Yorgos Ikarus Babasakis, Notes from the Repealing of Time

– on the occasion of Nadia Kalara’s talk in Beton 7, and as part of her exhibition Adelos –

An archaeology of the present. Landscapes that derive from particular time periods but become lost/last well into the vastness of now, the uncharted present.  The sacred and the base in tandem, in a dialectic exchange, a conversation, but also a game around the incongruousness of that encounter (reminiscent of the sewing machine and the umbrella on the anatomy table of Isidore Ducasse).

The Tropics freeze. The sky remains the sky, pale blue, rarefied, beauteous – but where? In what time? The sky is now a background to ruins, its music is the humor that makes tragedy more bearable, if not explicable.

Willie Deville heartrendingly singing the blues amid the blue plumes of his cigarette smoke, “and heaven stood still…” And when the sky stands still. time, too, stands still, it freezes.

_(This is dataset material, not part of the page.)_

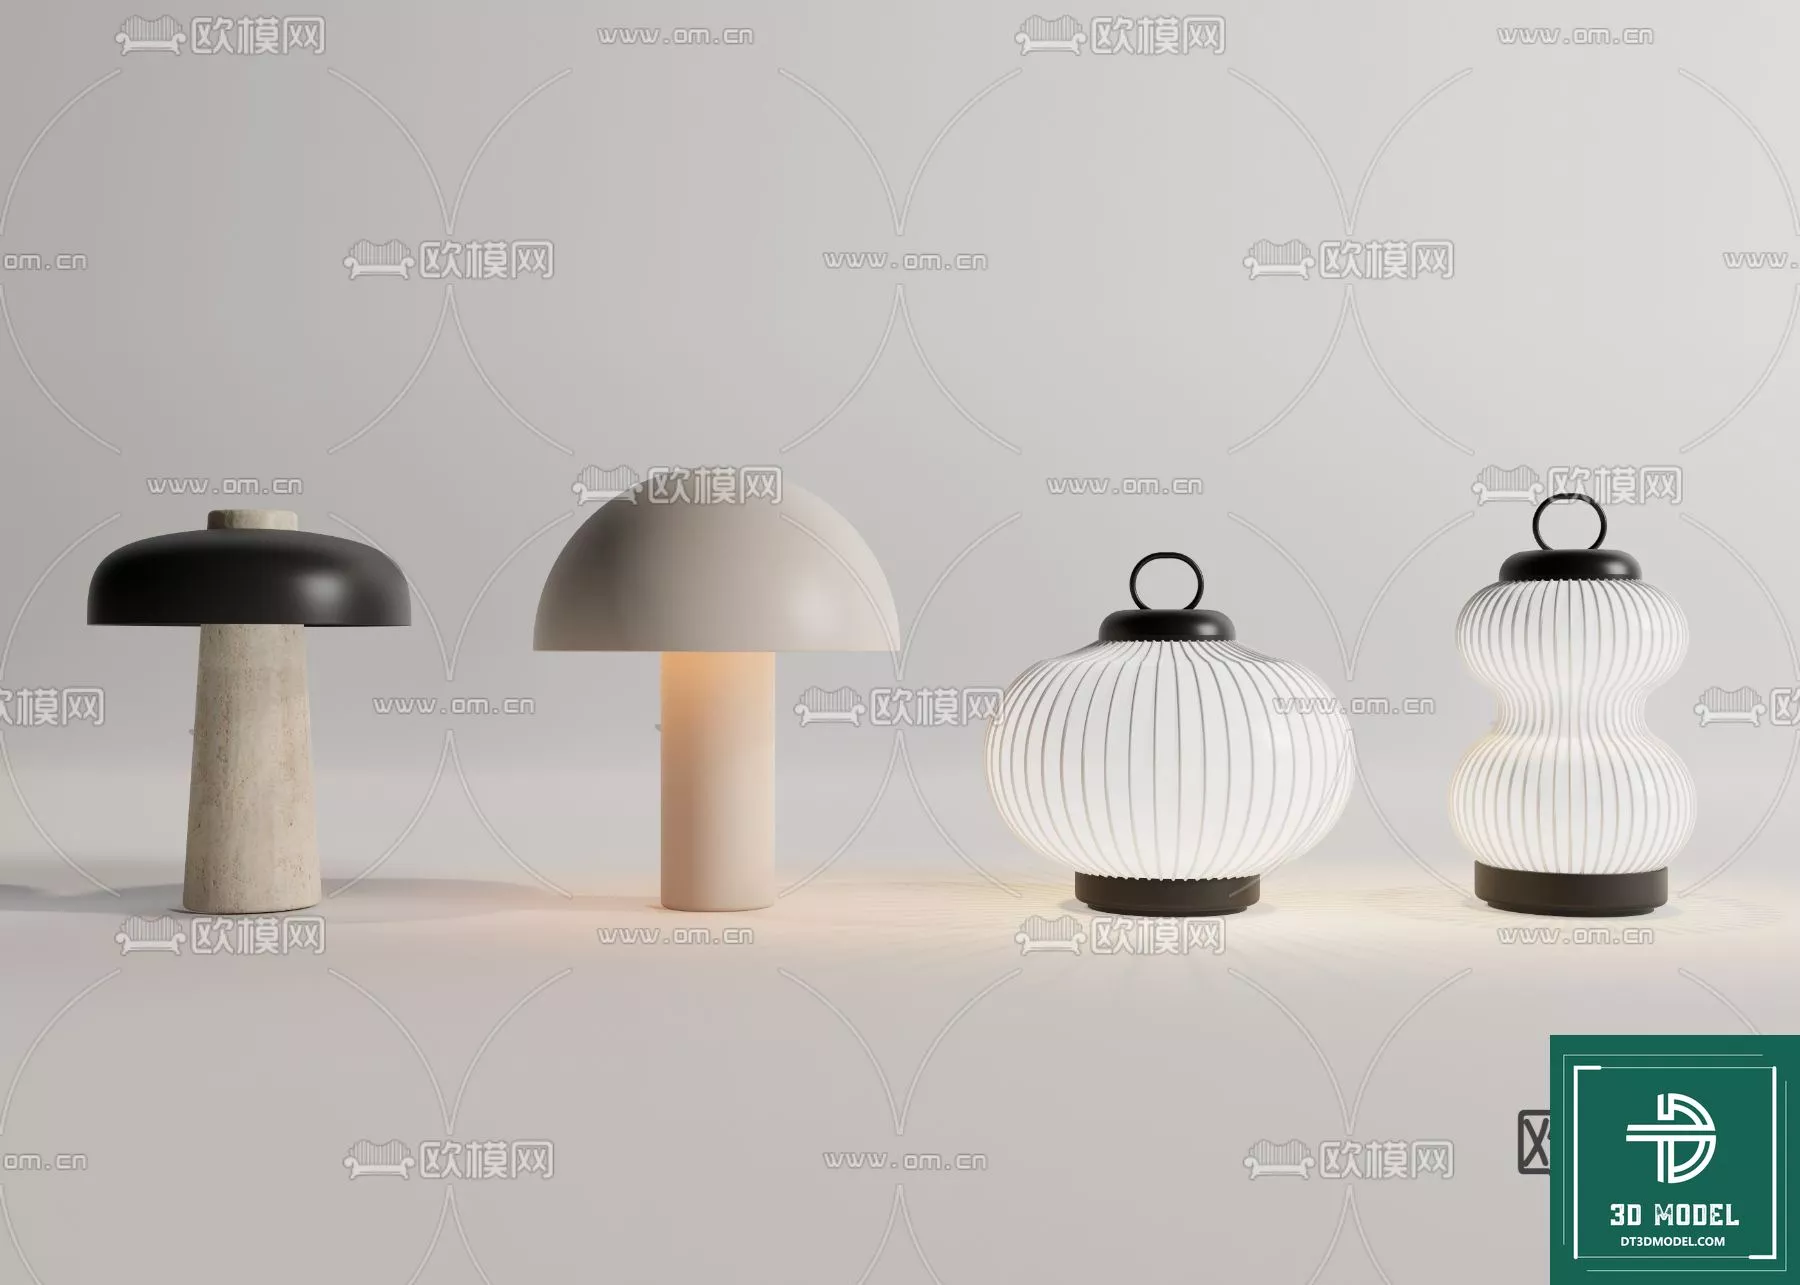 MODERN TABLE LAMP - SKETCHUP 3D MODEL - VRAY OR ENSCAPE - ID14525

Time freezes. Magritte knew how to read Hegel. Time freezes. Nadia Kalara knows how to read Magritte/Hegel but also Hegel/Heidegger [Adelos/ Delos, Un/Manifest] reminding us that clarity may well entail a profound disquiet – one that (the artist intentionally) wishes to be disquieting.  I am here, but where is that? Nadia Kalara is in a disquiet state as she directs her gaze (in the plural!) first to space and, then, like those desperates in Chris Marker’s masterpiece  La jetée (1962), to time. To a time that is frozen, by the artist, and made disquieting in order to make us pick up again the thread of reflection.

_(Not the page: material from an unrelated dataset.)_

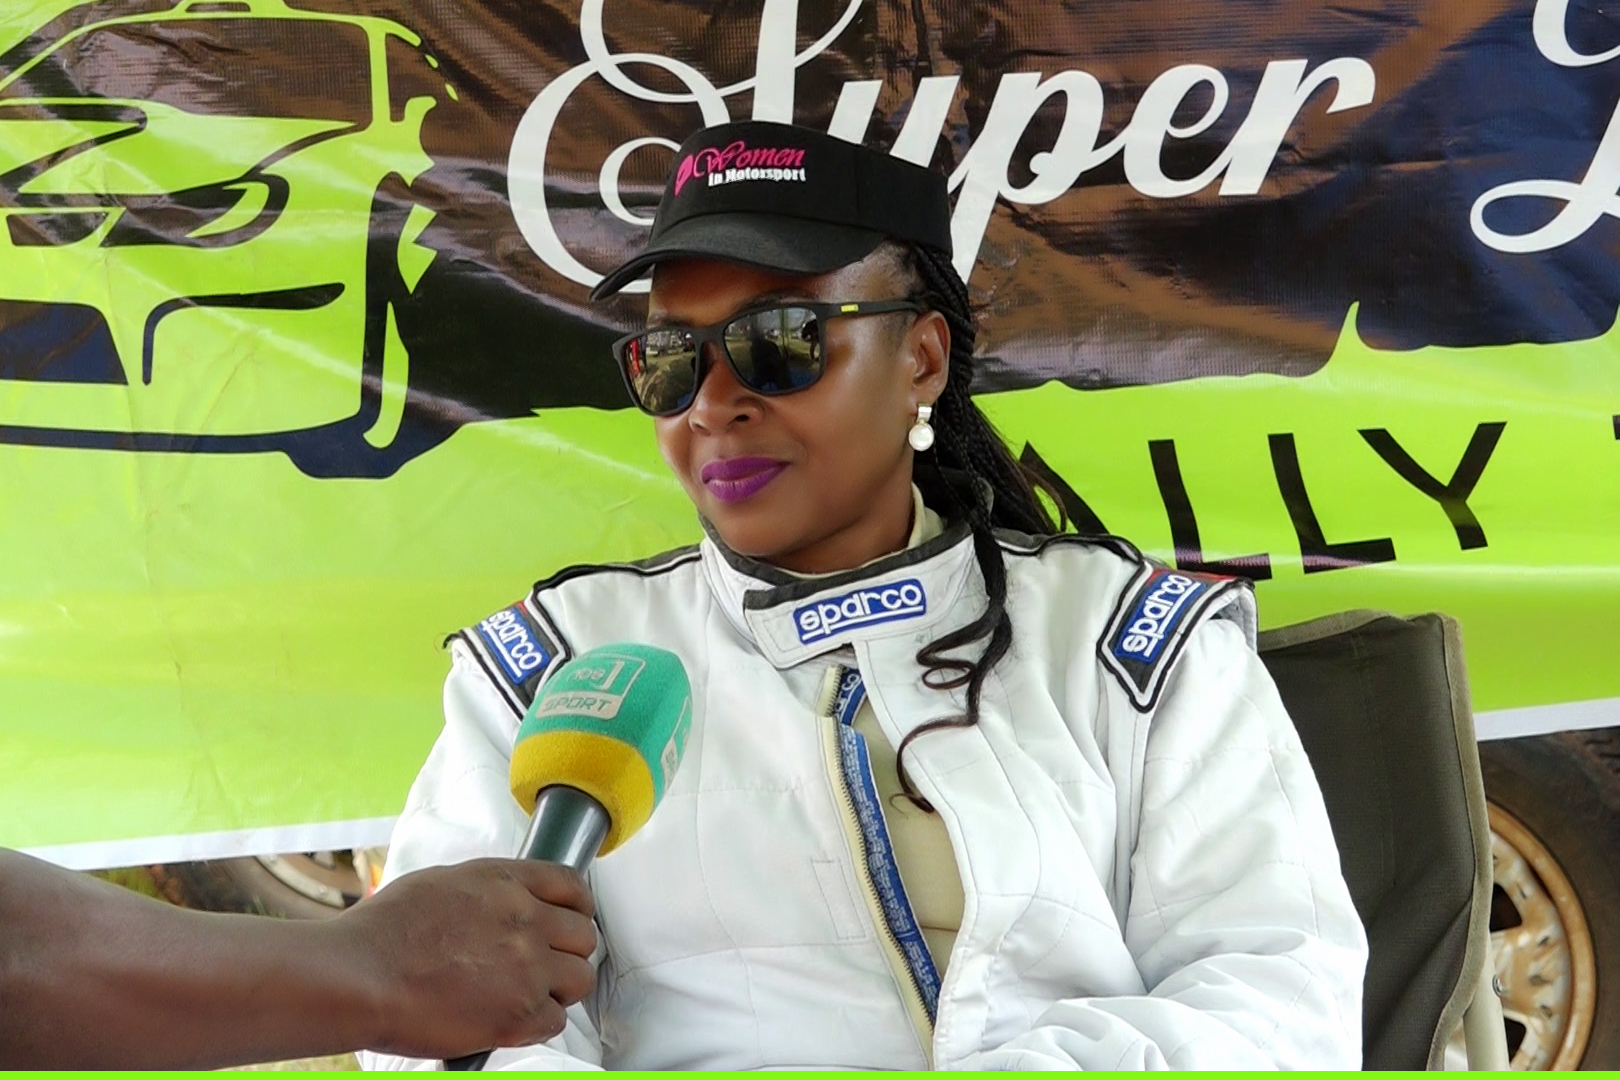 Dust, dreams, and defying the finish line: Susan Muwonge's rally to glory

Yorgos Fraklas writes: “Heidegger’s reminder is that the thinking being is first of all a dweller. I identify with a place. As a thinker I do not belong somewhere and I appropriate all that is somewhere. But as a dweller I belong, I feel at home, out of place, I am myself appropriated by some other thing, and this, before I start to think.”

Guy Debord writes: “Man, ‘the negative being who is only to the extent that he abolishes Being’ is identical with time.”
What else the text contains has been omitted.